- Exercise
Return nothing but the lines from the line with "Disney Coloring Pages For Girls" through the last line of the entries that follow, copied exactly and free of pictures.
** Opening Data in this exercise block **
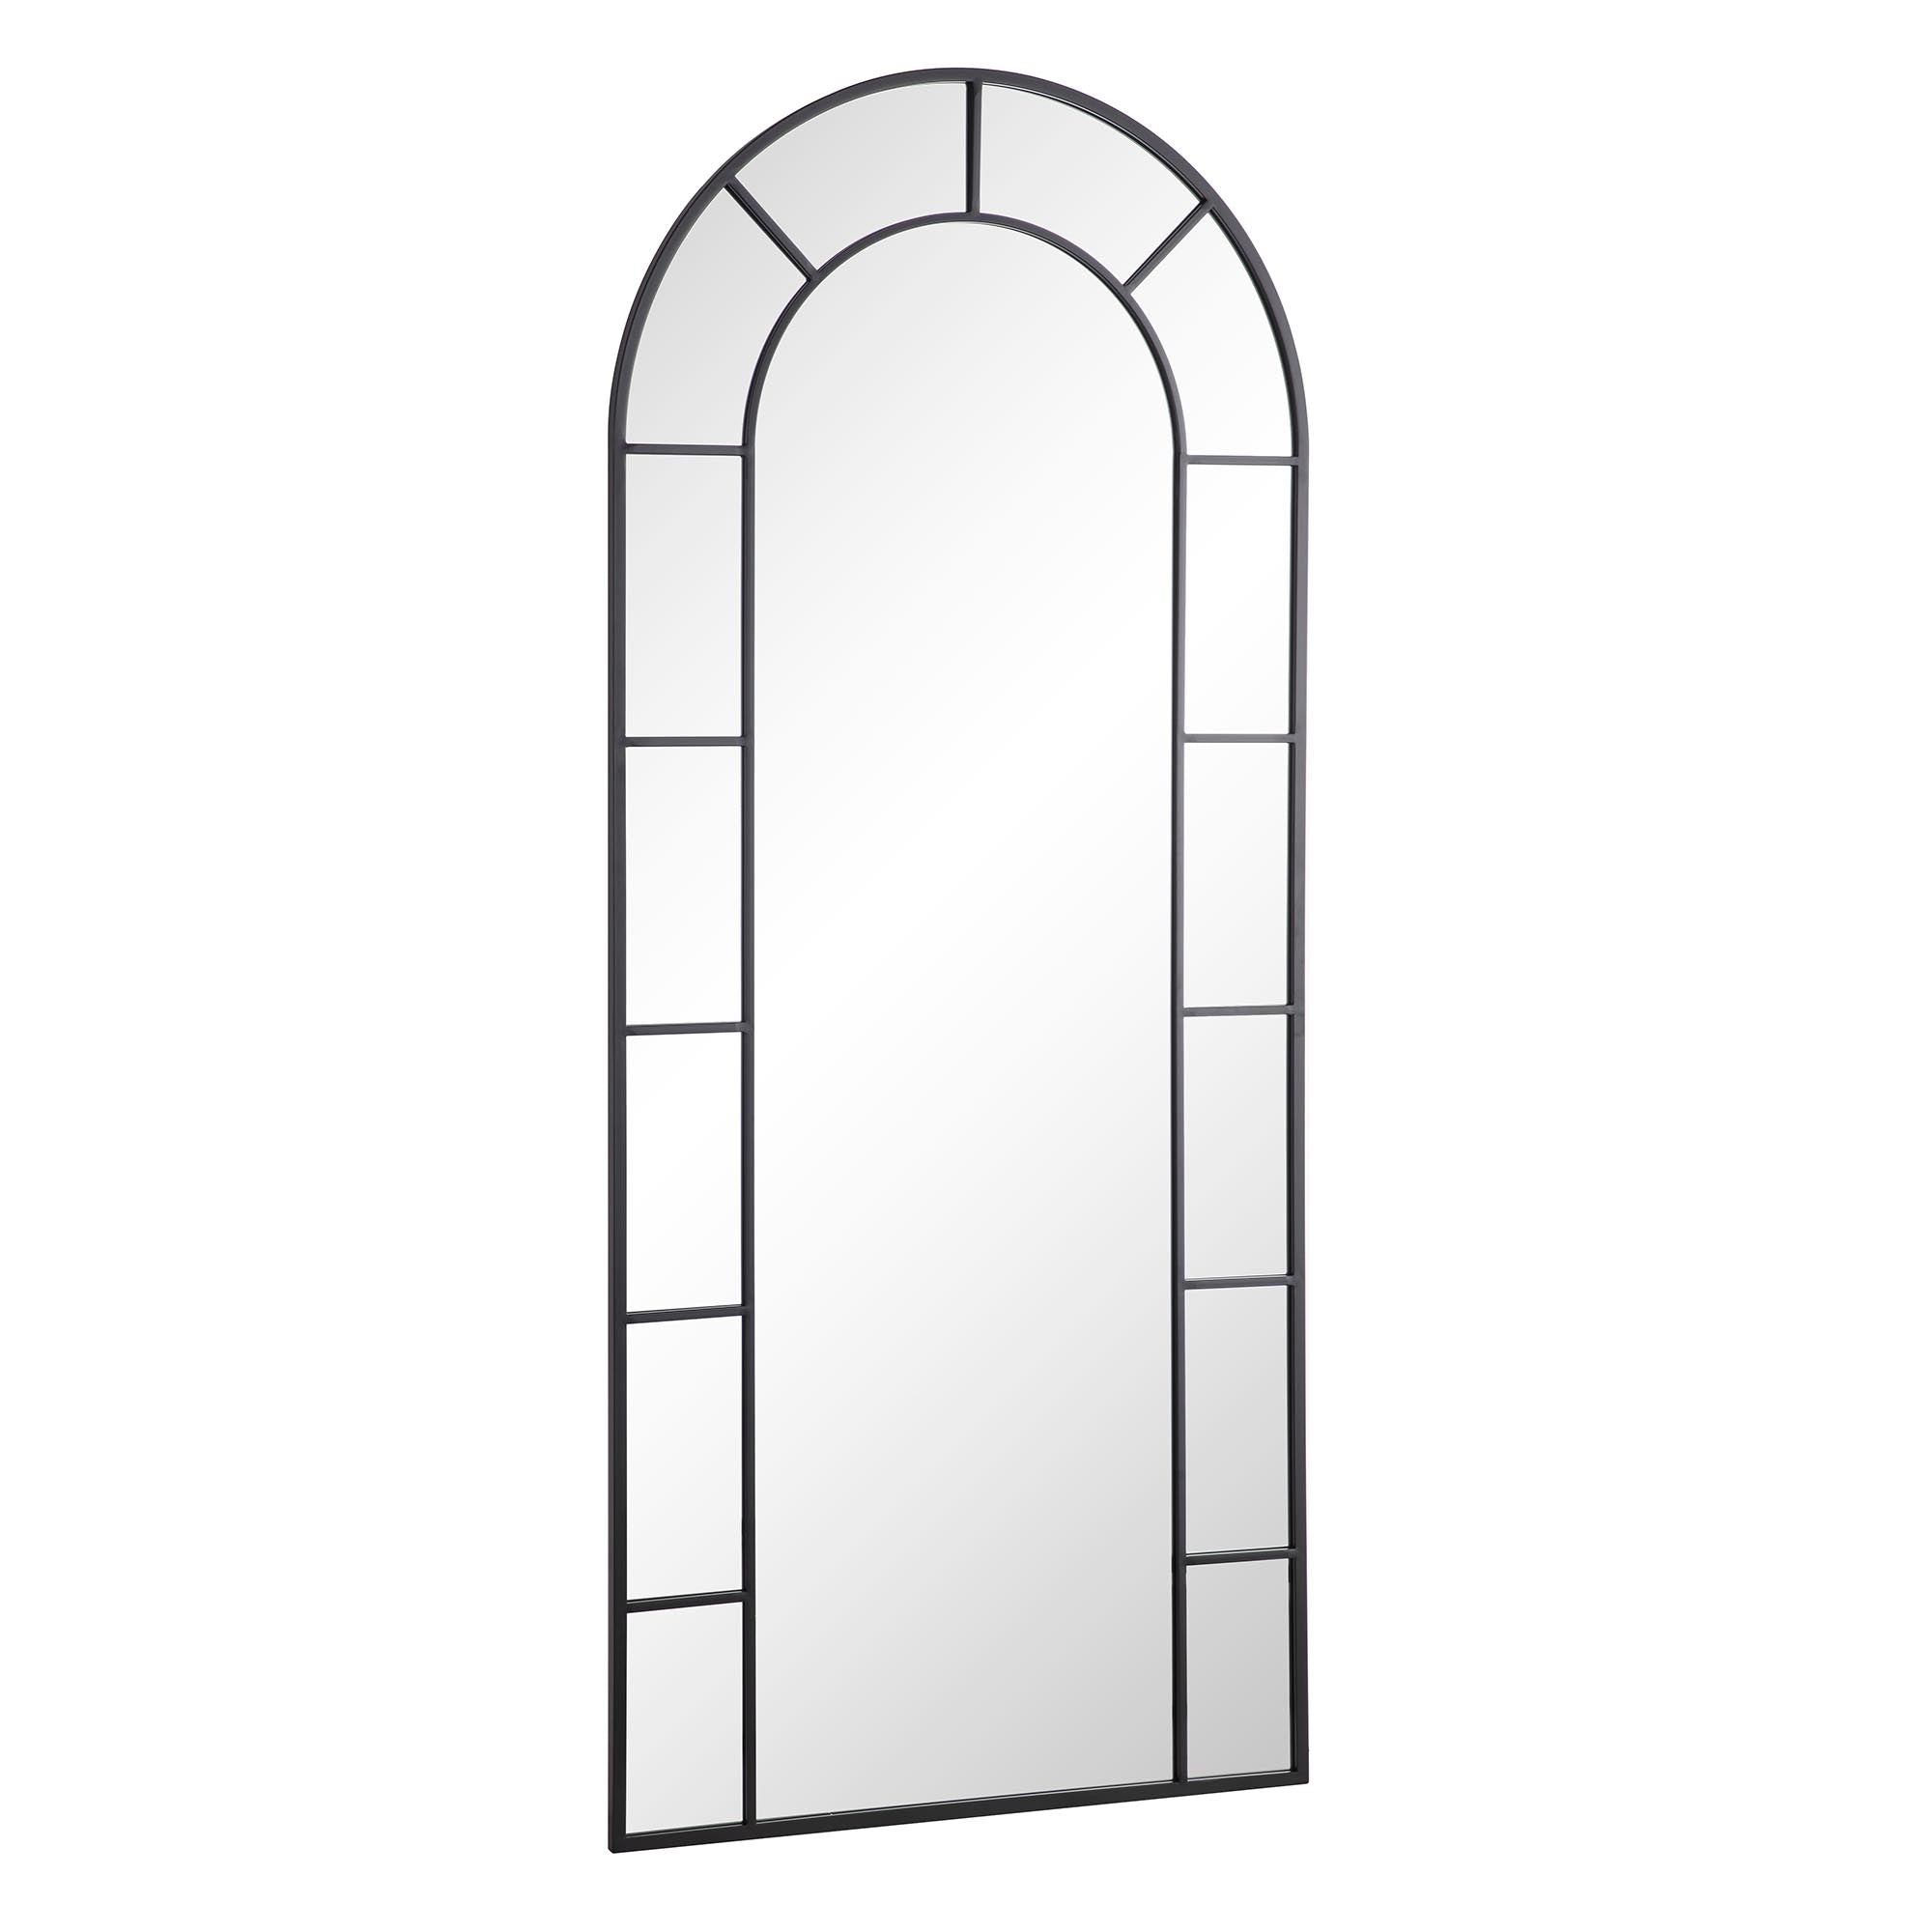 Beaumont Arched Full Lenth Metal Frame Mirror 178 x 76 cm, Black
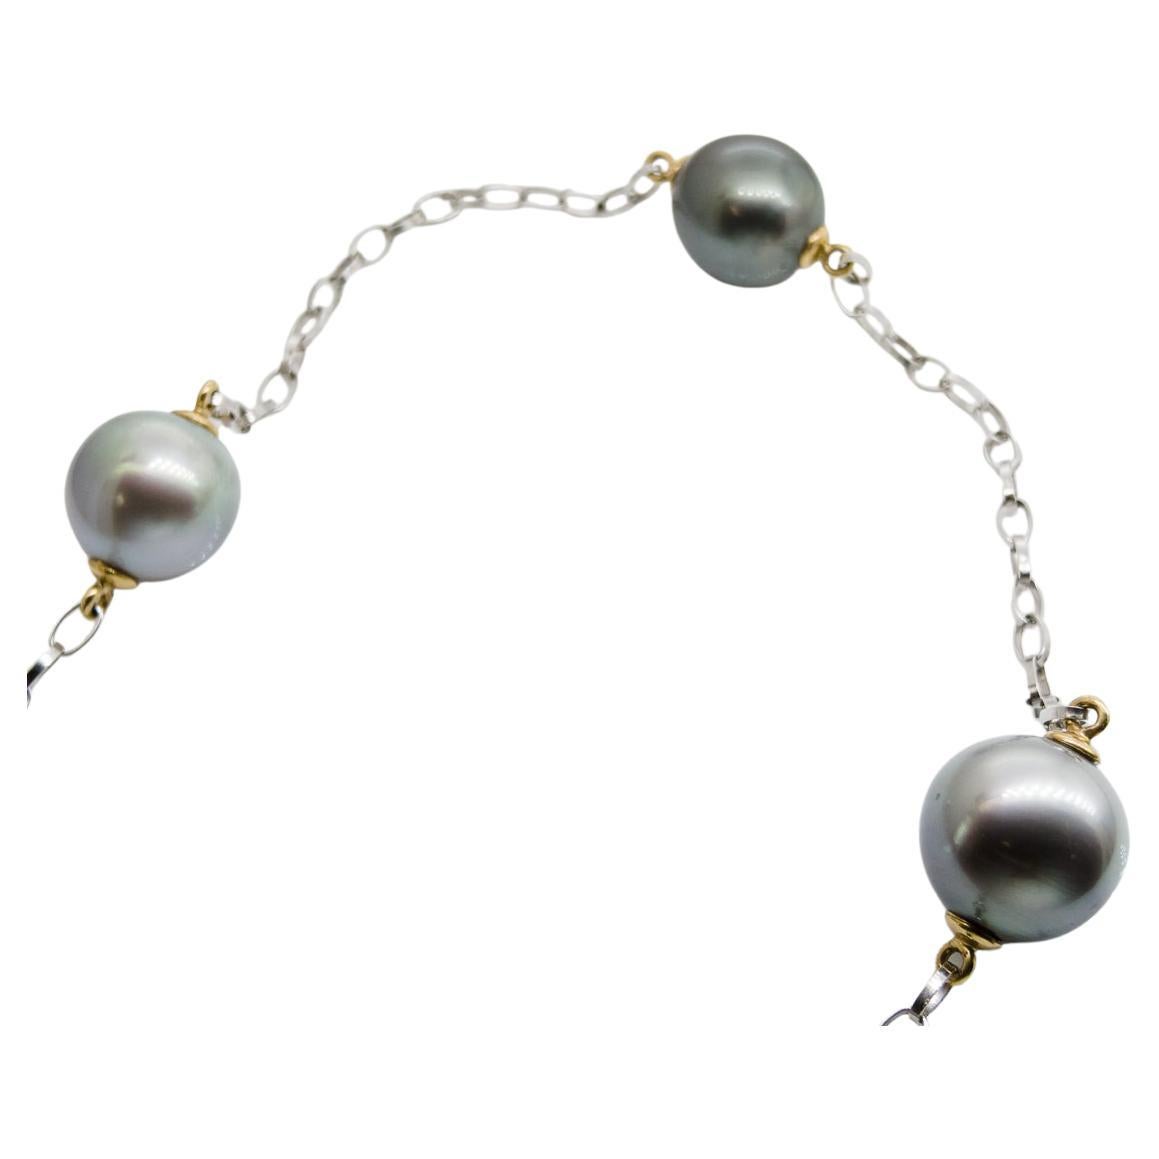 Long (61 cm=24 inch) necklace with 7 beautiful natural Tahitian pearl on 18 carat white gold Belcher chain.
Pearls are capped by 18 carat yellow gold and are ranging from 12mm to 13mm in diameter and from grey to green in colour.
Weight of the
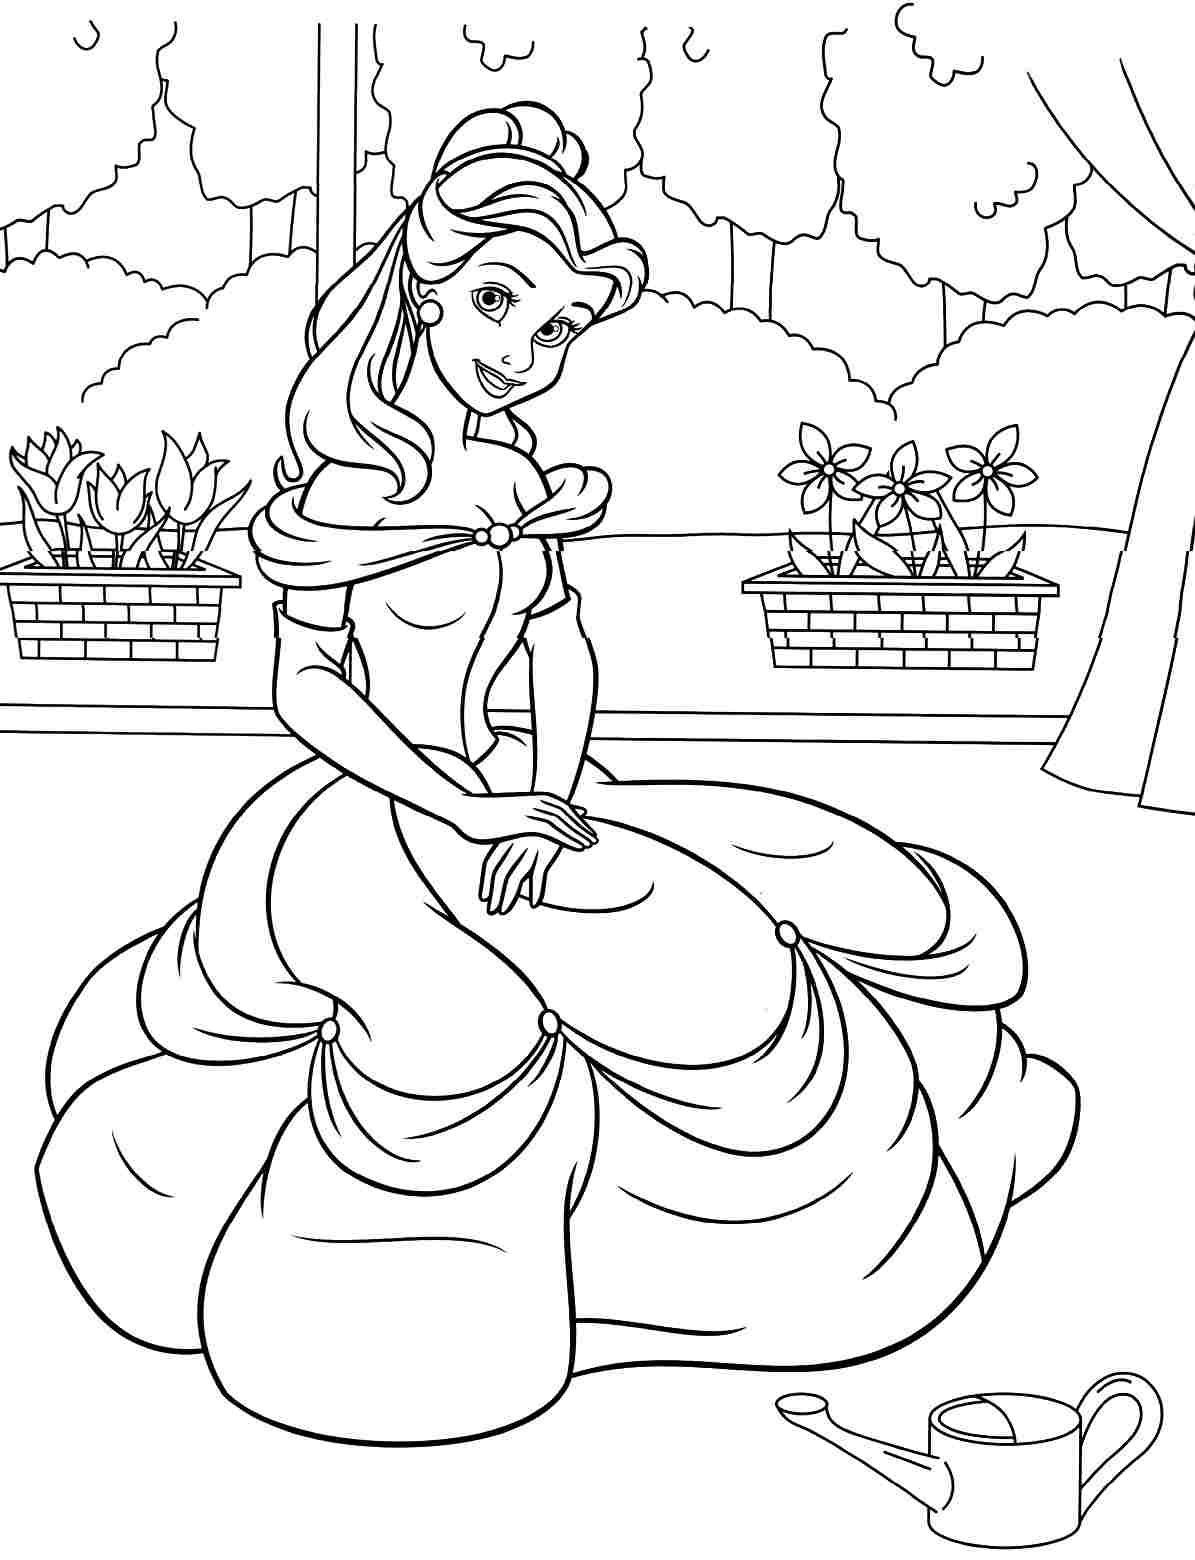 Disney Coloring Pages For Girls
 Disney Princess Belle Coloring Pages For Girls
** Closing Data in this exercise block **
- Result of the exercise
 Disney Coloring Pages For Girls
 Disney Princess Belle Coloring Pages For Girls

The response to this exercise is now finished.